35 mm rangefinder camera by Leica AG

The Leica M7 is a 35 mm rangefinder camera introduced by Leica AG in 2002 as a direct successor to the M6. The electronic Leica M7 is a departure from previous mechanical designs for the M series.

==Details==
The M7 introduced auto-exposure in aperture priority mode: the user sets the aperture on the lens manually, and the camera chooses a shutter speed. Manual exposure is also available. The shutter is electronically controlled, but speeds of 1/60 and 1/125 of a second are mechanically governed if the battery fails. Unlike the M6 TTL whose "off" position only disables the meter, the M7 features a switch on the shutter release, which prevents both metering and the shutter from firing. The shutter release is redesigned with two distinct levels of pressure: the first detent locks the exposure reading, the second fires the shutter.
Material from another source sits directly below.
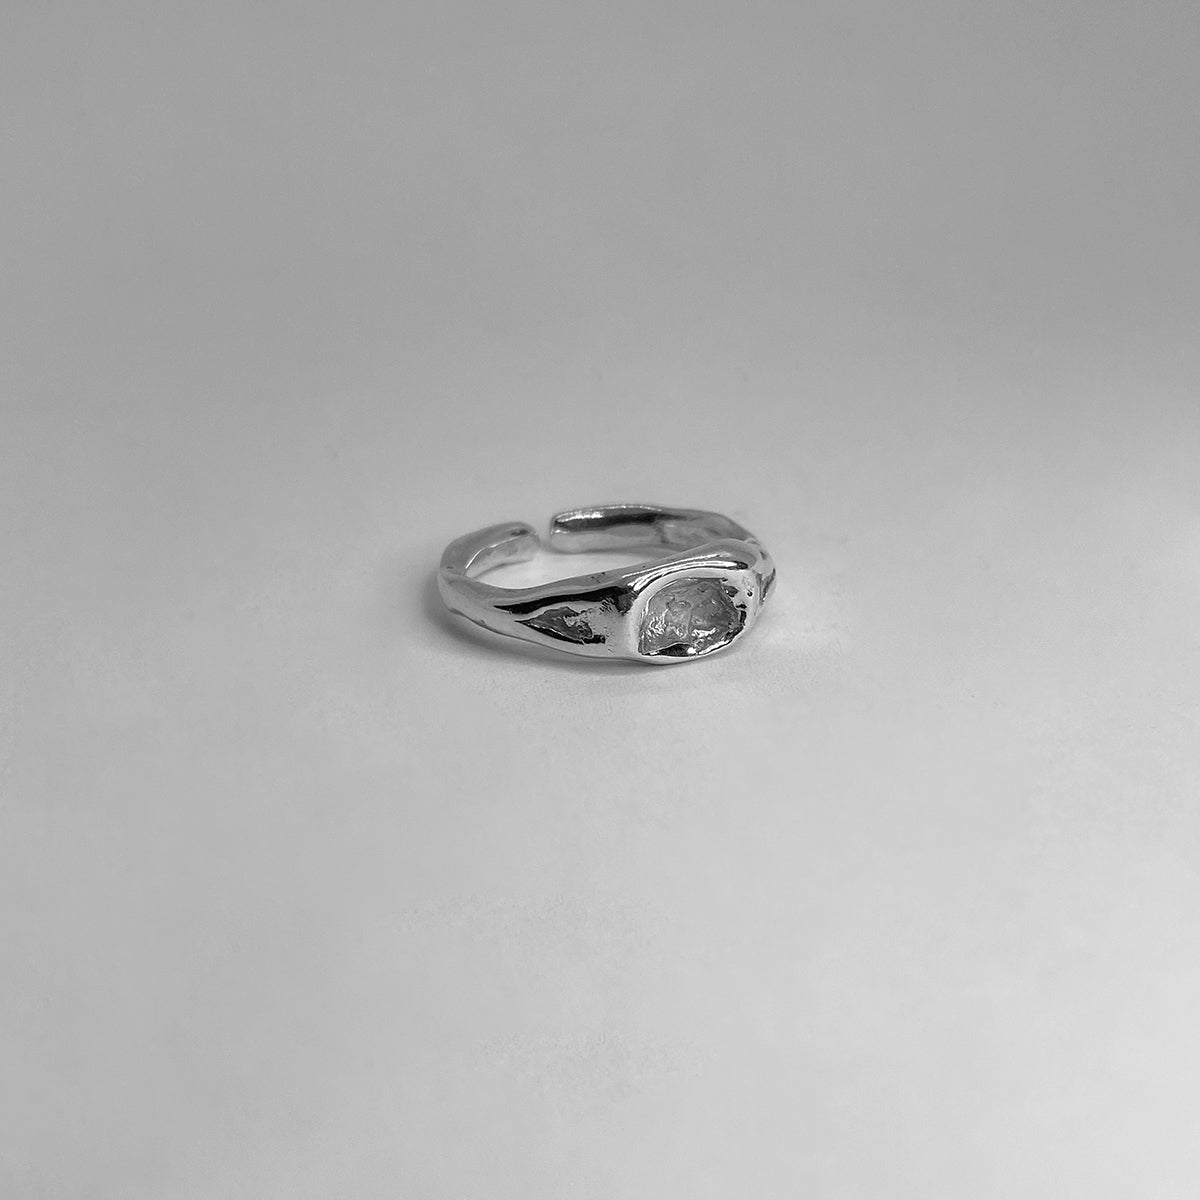 The Lize ring is a handmade piece made of 925 sterling silver. Its surface is raw and glossy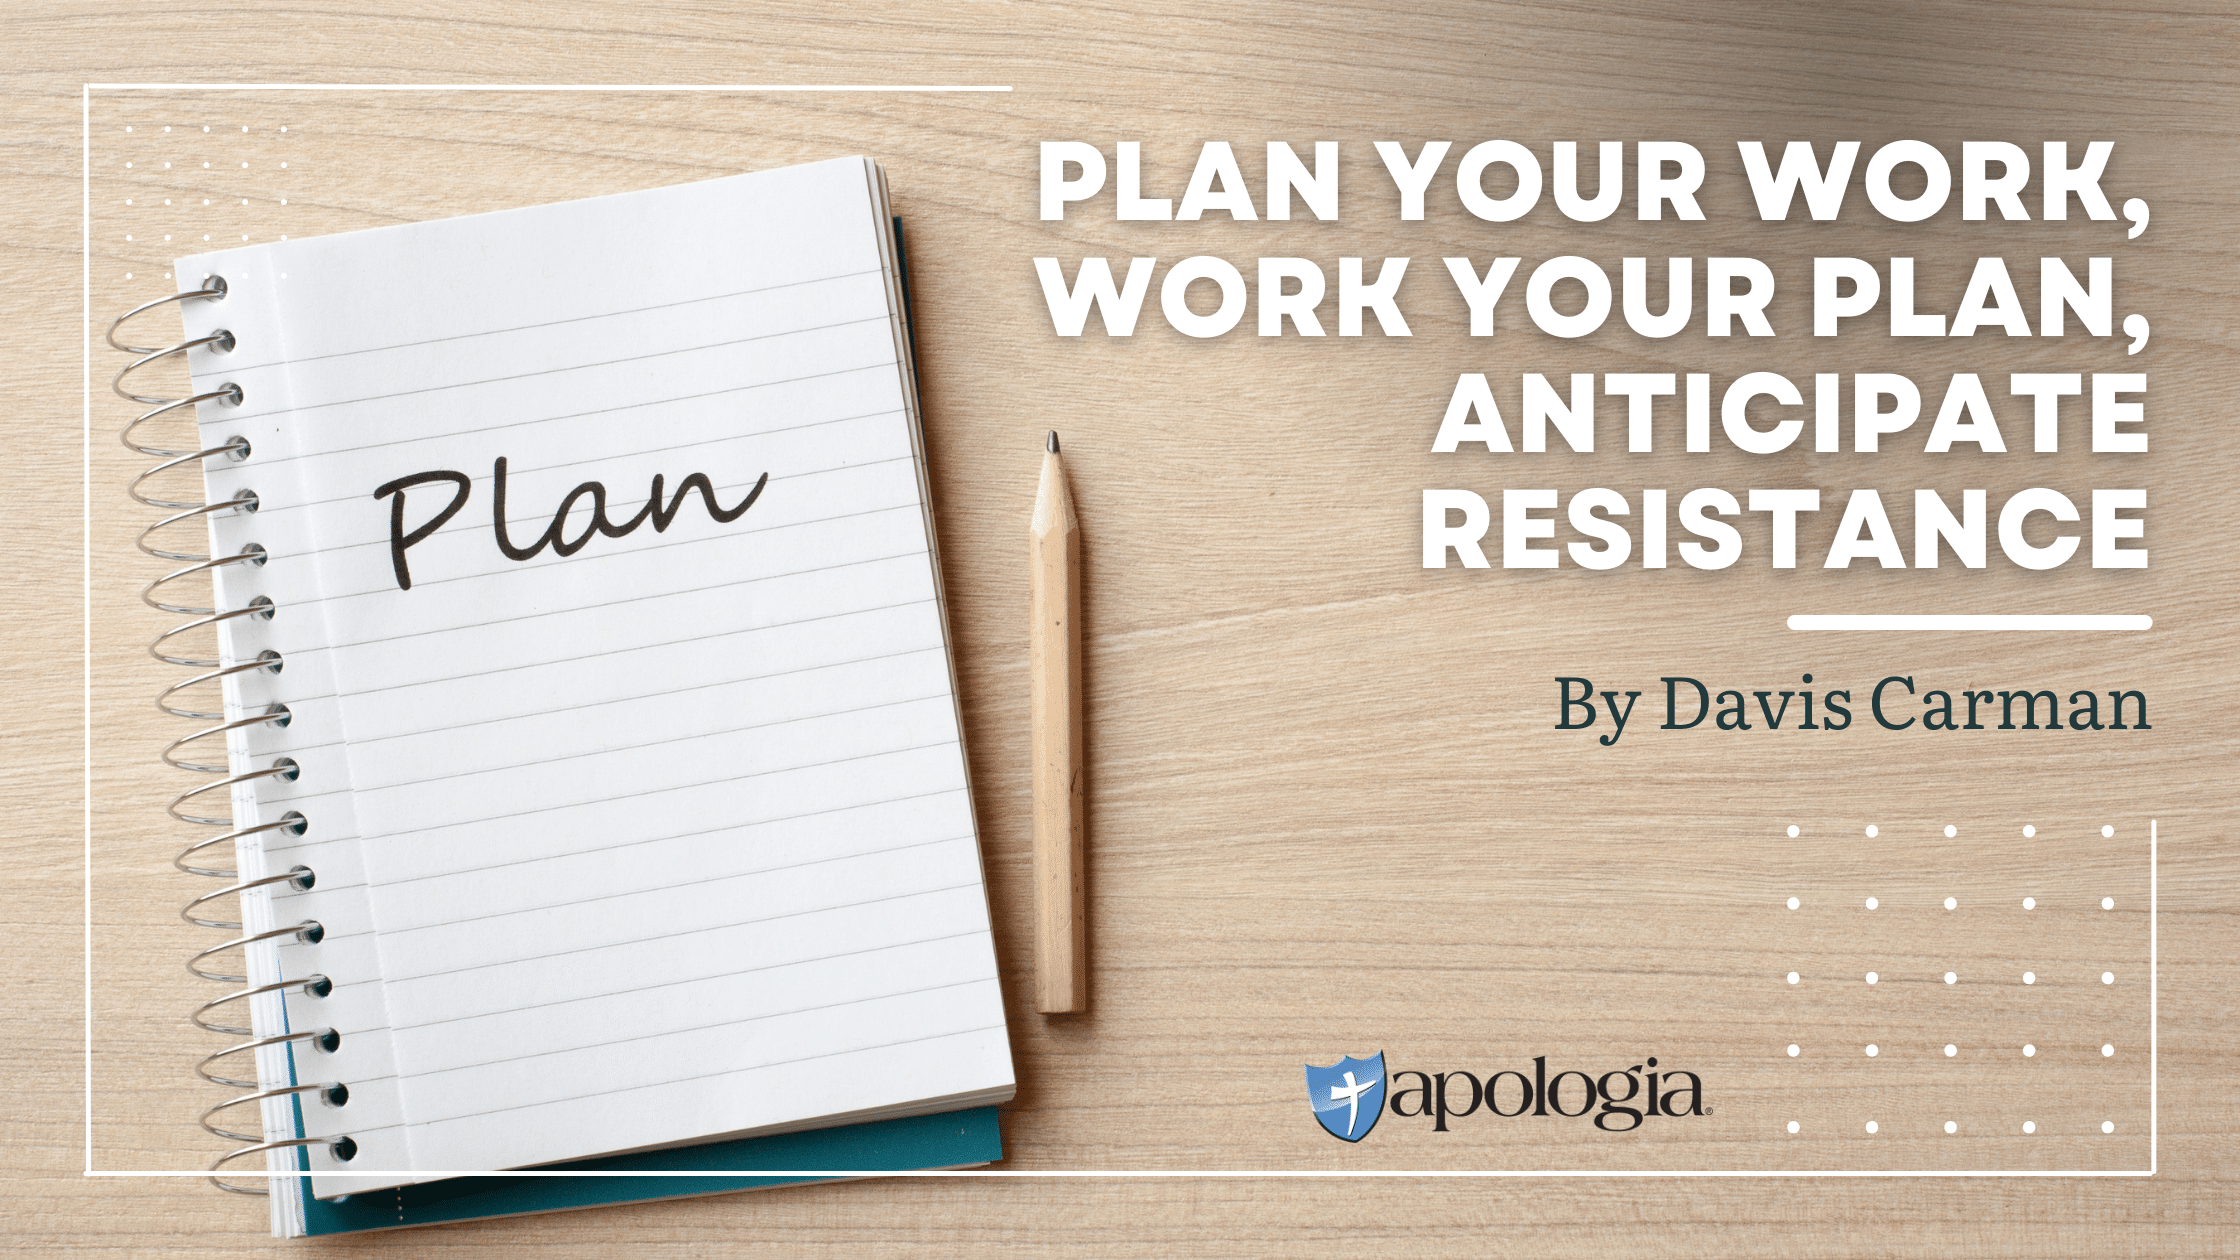 Plan Your Work, Work Your Plan, Anticipate Resistance

The M7 is also the first Leica M series to support film DX encoding and exposure compensation using the dial that has been on the back of Leica cameras since the M3. Originally used simply as a reminder of the sensitivity of the film, and then as film speed setting coupled to the light meter starting with the M6, the dial now controls exposure compensation on the M7.

The M7 offers viewfinders with magnifications 0.58, 0.72 (28 mm), and 0.85 (35 mm). The viewfinder optics are multicoated to reduce flare.

==End of production==
It's been reported on Red Dot Forum on 2018 May 24 that Leica has officially discontinued producing the M7 in both black and silver versions. There might be cameras in stock at retailers but no new cameras will be available once the current inventories are sold. No more orders are being taken for M7s through the "a la carte" customization program.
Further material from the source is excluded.